In late August the U.S. Court of Appeals for the Second Circuit reinstated a lawsuit by a physician association against a third-party plan administrator. The case against UnitedHealth Group and related entities (United) had been dismissed by the United States District Court for the Southern District of New York. The appellate opinion is significant both because it holds the plaintiff has associational standing, and because it allows parity claims to proceed against a plan administrator.
The plaintiffs claimed that United violated the Mental Health Parity and Addiction Equity Act of 2008 (the Parity Act), fiduciary duties under ERISA, and the terms of ERISA-governed health insurance plans administered by United, by using more restrictive guidelines and preauthorization and concurrent review procedures for mental health claims than those for medical claims. United allegedly subjected plan participants to preauthorization requirements for mental health claims that it did not apply to medical claims. It also allegedly conducted concurrent review of mental health claims based solely on the frequency of office visits, which it did not do for medical claims. The medical necessity review standards for outpatient psychotherapy sessions were allegedly more restrictive that those applied to medical claims under the same plan. In the underlying case, United successfully moved to dismiss the complaint, arguing that the psychiatric physician association did not have associational standing and that United could not be sued for alleged violations of the Parity Act under ERISA.
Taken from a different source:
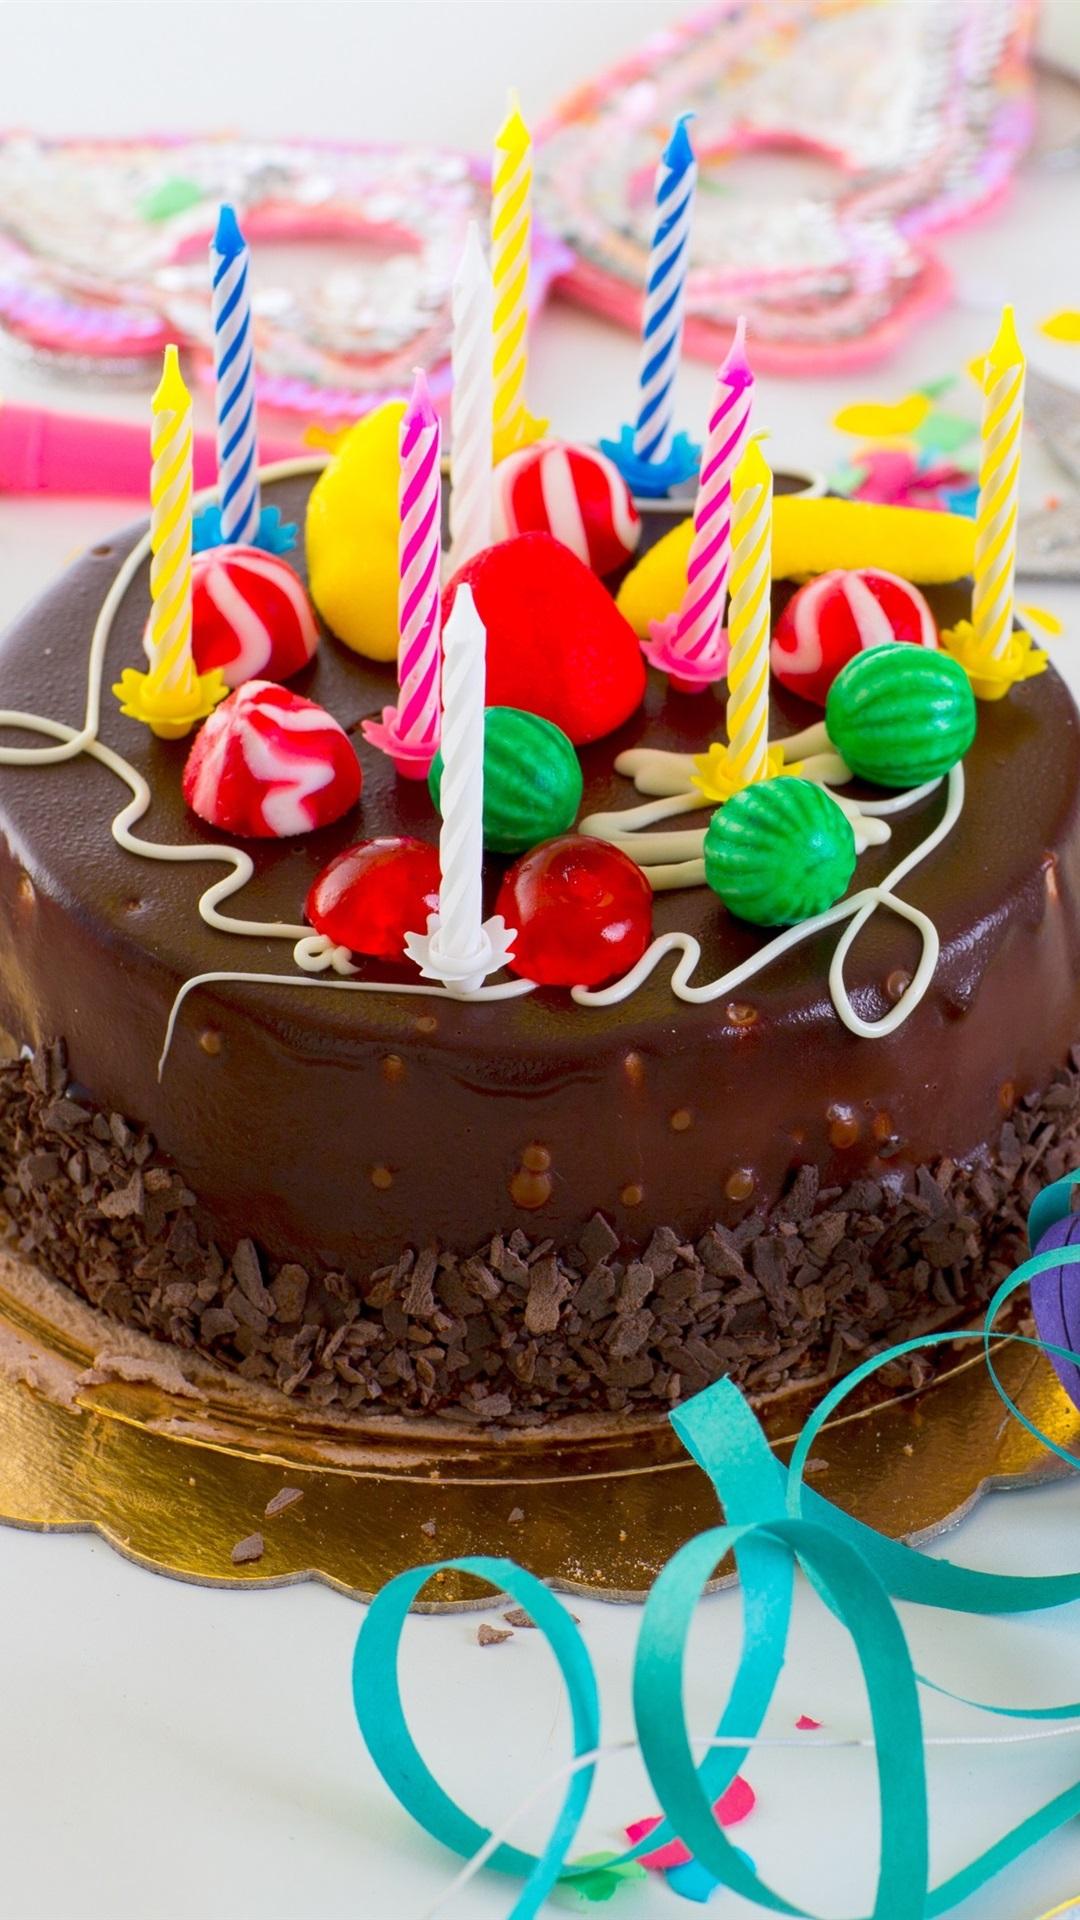 Wondrous Chocolate Cake Happy Birthday Candles Colored Ribbon 1080X1920 Personalised Birthday Cards Veneteletsinfo

The Court of Appeals reversed, holding that an association has standing when (a) its members would otherwise have standing; (b) the interests it seeks to protect are germane to the organization’s purpose, and (c) the nature of the claim and the relief sought does not make the individual participation of each injured party indispensable to the proper resolution of the matter.
The Court of Appeals also reversed the dismissal to the extent it was based on the holding that United was not a proper defendant. The Court of Appeals stated that United appears to have exercised total control over the health plan’s benefits denial process, making it the “logical defendant” in a suit to recover benefits, enforce rights, or clarify rights to future benefits under ERISA. The Court of Appeals held that a claims administrator has total control where it has “sole and absolute discretion” to deny benefits and makes “final and binding” decisions as to appeals of those denials. It explicitly chose not to decide if a claims administrator is a proper defendant when it exercises less than total control over the benefits denial process. The Court noted that its holding that claims administrators are proper defendants is in accord with six other circuits: the Fifth, Sixth, Seventh, Eighth, Ninth and Eleventh. The U.S. Department of Labor filed an amicus brief supporting reversal on this issue.
The case is N.Y. State Psychiatric Ass’n v. UnitedHealthGrp., No. 14-20-cv (2d Cir. Aug. 20, 2015).